Left in the U.K. is divided on EU membership

A measure of this dissonance was in evidence on Saturday as speakers took to the stage to argue their case in separate meetings in London.

May 29, 2016 12:05 am | Updated November 17, 2021 05:04 am IST - LONDON:

Yanis Varoufakis in London on Saturday.

Yanis Varoufakis in London on Saturday.

Britain’s Left and trade union movement are deeply divided on the question of the country’s membership of the European Union (EU). A measure of this dissonance was in evidence on Saturday as speakers took to the stage to argue their case in separate meetings in London.

The two sides appeared as politically distant from each other in the referendum debate as they are with the positions of the official ‘Remain’ and ‘Leave’ campaigns.

Addressing a packed auditorium in central London, in a function organised by the pro-‘Remain’ platform ‘A Better Europe is Possible’, former Greek Finance Minister Yanis Varoufakis; Green Party Member of Parliament Caroline Lucas; Labour MP Clive Lewis; author and journalist Owen Jones and others spoke about the “radical internationalist case for Remain”.

‘Against polarisation’ “Unlike the two official ‘Remain’ and ‘Leave’ campaigns, we are not interested in polarising voters,” Mr. Varoufakis said.

“We stand united in our conviction that it is impossible for Britain to have a successful democracy outside the realm of a democratised European Union. However, it is impossible for the European Union to become democratised without a democratic Britain participating in the process,” he added

Taking issue with the two key arguments of the ‘Leave’ campaign, namely, that Britain should leave to defend its sovereignty, and that Britain should leave to control untrammelled immigration, Mr. Varoufakis said voting to leave would only benefit “a national ruling class” that will exercise sovereignty in an “utterly undemocratic” way.

On the ‘Leave’ campaign’s argument that immigration has overwhelmed British public services, he said: “Lest we forget, turning the native poor against migrant labour is a variant of the old divide and rule trick that the British establishment honed ages ago to dominate the empire.
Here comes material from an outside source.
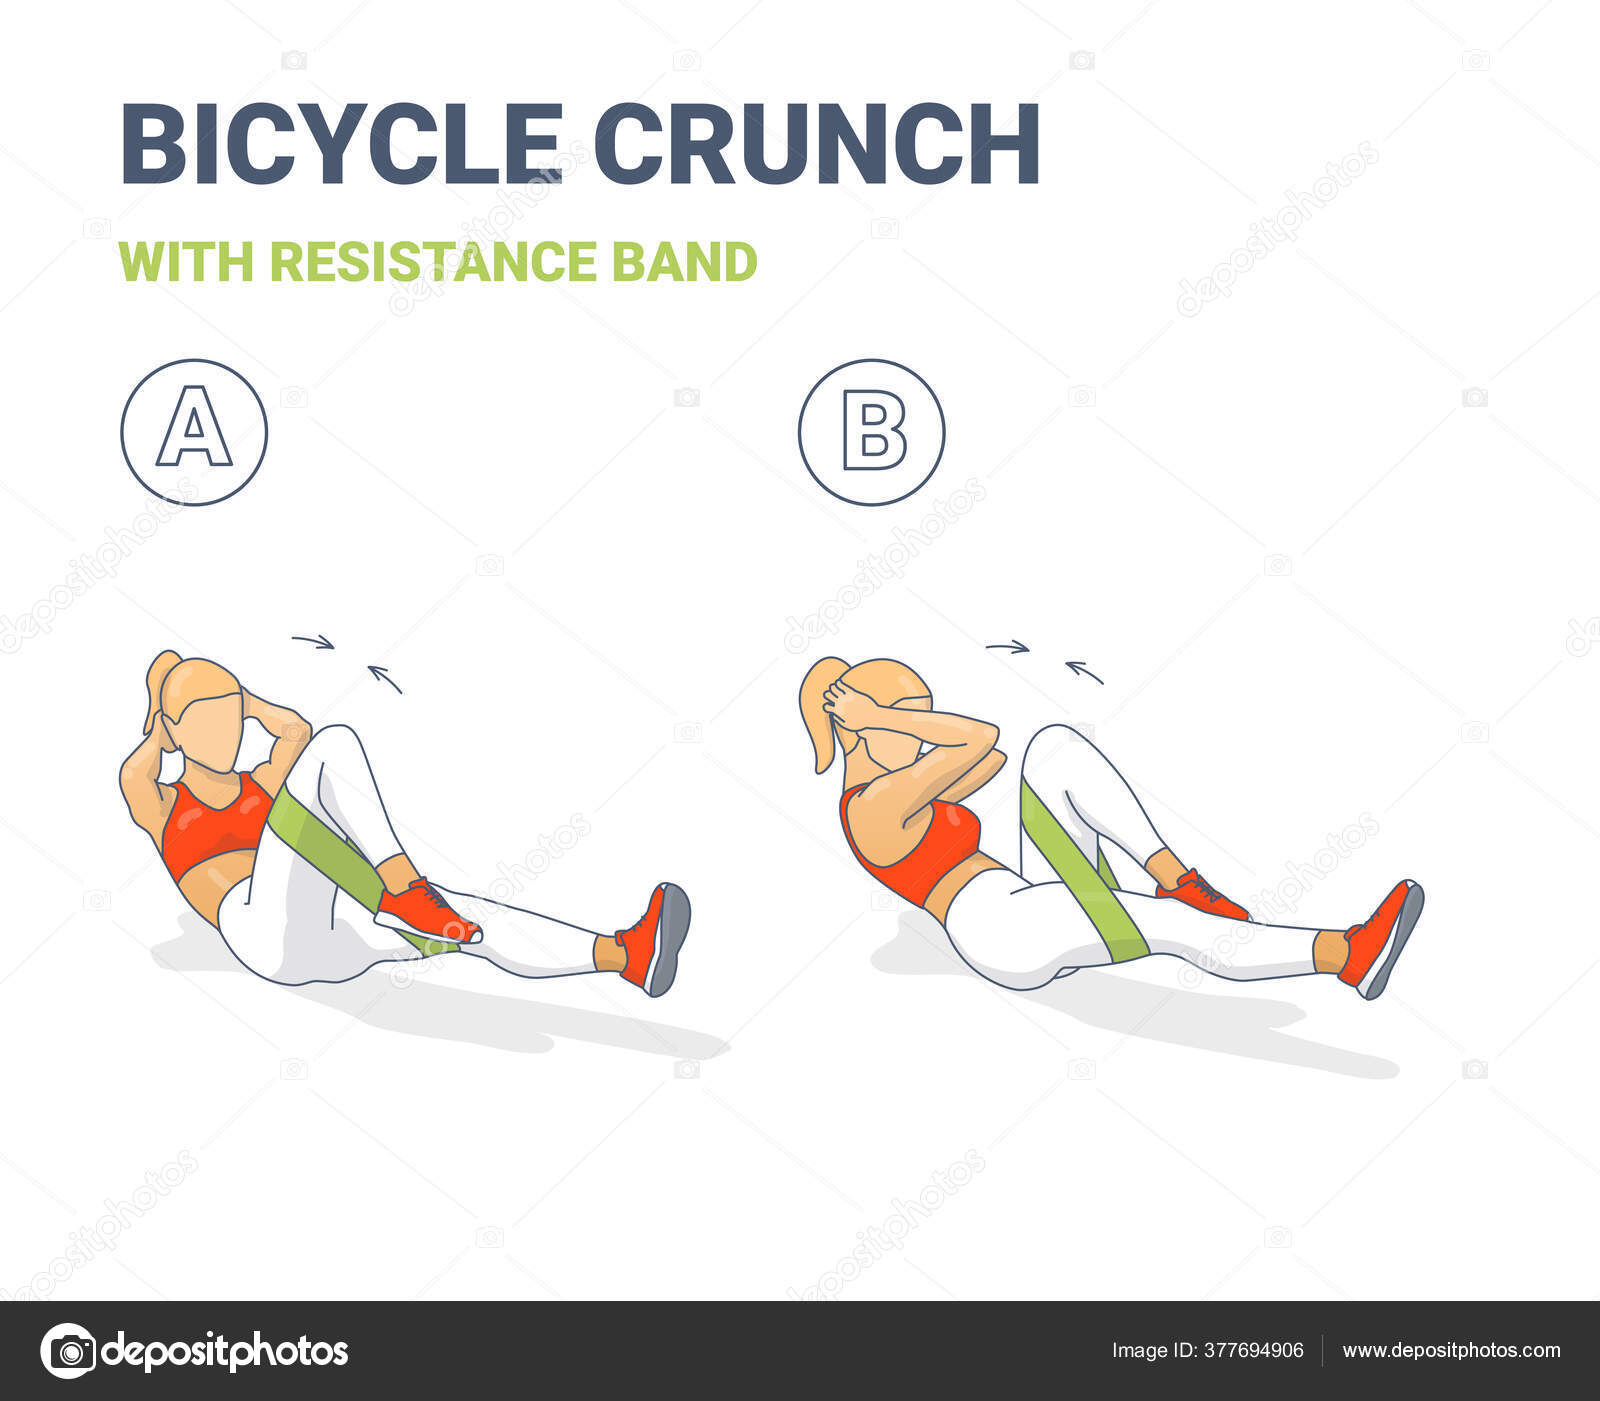 Exercício funcional (ou de resistência): Crunch bicicleta – NiT

Today, the establishment uses the same trick to dominate the domestic labourer, to hide austerity’s effects, and to deflect anger towards the other, the migrant, the foreigner.”

‘Left for Exit’ campaign At another venue, a seminar entitled ‘Dangerous Times’, organised by the ‘Left for Exit’ campaign group, was in progress. Writer and intellectual Tariq Ali made the Left case for leaving the EU, which he described as a neoliberal institution whose charter does not allow any member state to act independently in protection of its national sovereign rights.
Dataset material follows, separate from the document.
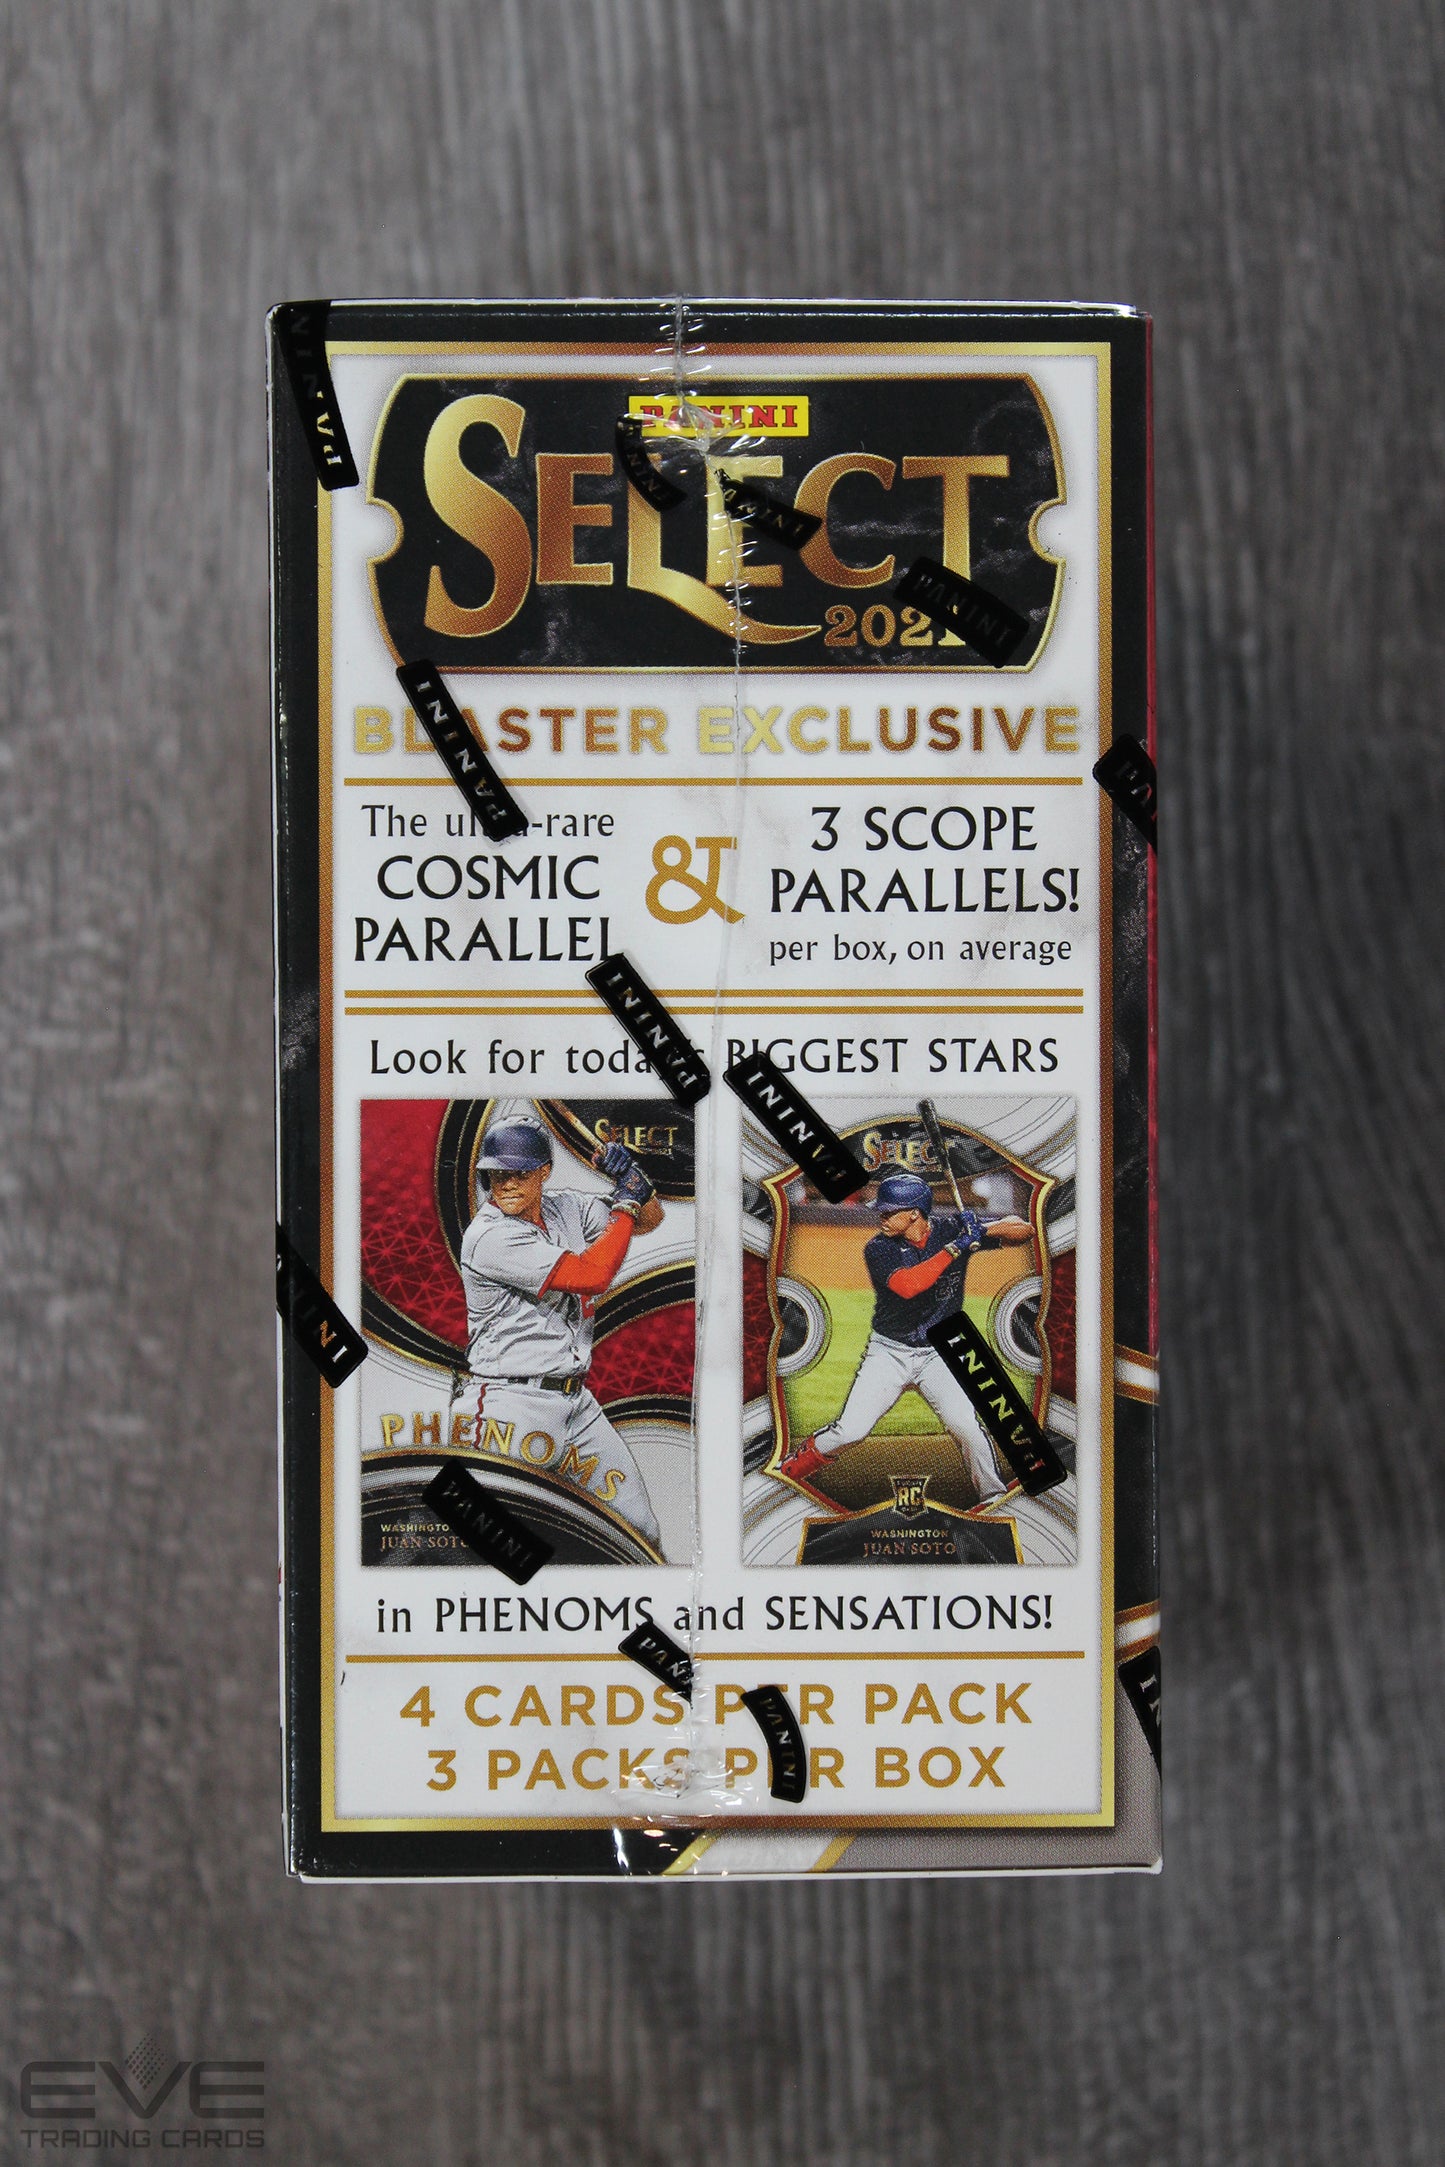 2021 Panini Select Baseball Trading Cards Blaster Box

Countering the view of the EU being an “internationalist” body, Mr. Ali argued that a supra-national body comprising nation states does not make it internationalist. “Why should the Left express its internationalism through the EU?,” he asked.

With the Leave and Remain campaigns running close together in opinion polls, the odds are almost equal, with the Remain campaign gaining a small edge in recent weeks. “Either way, that is whether we stay or leave, we will see a weakened Tory party and a resurgent Tory right. For the British Left it may not make a massive difference if we leave or stay,” said Feyzi Ismail, an academic and organizer for Lexit.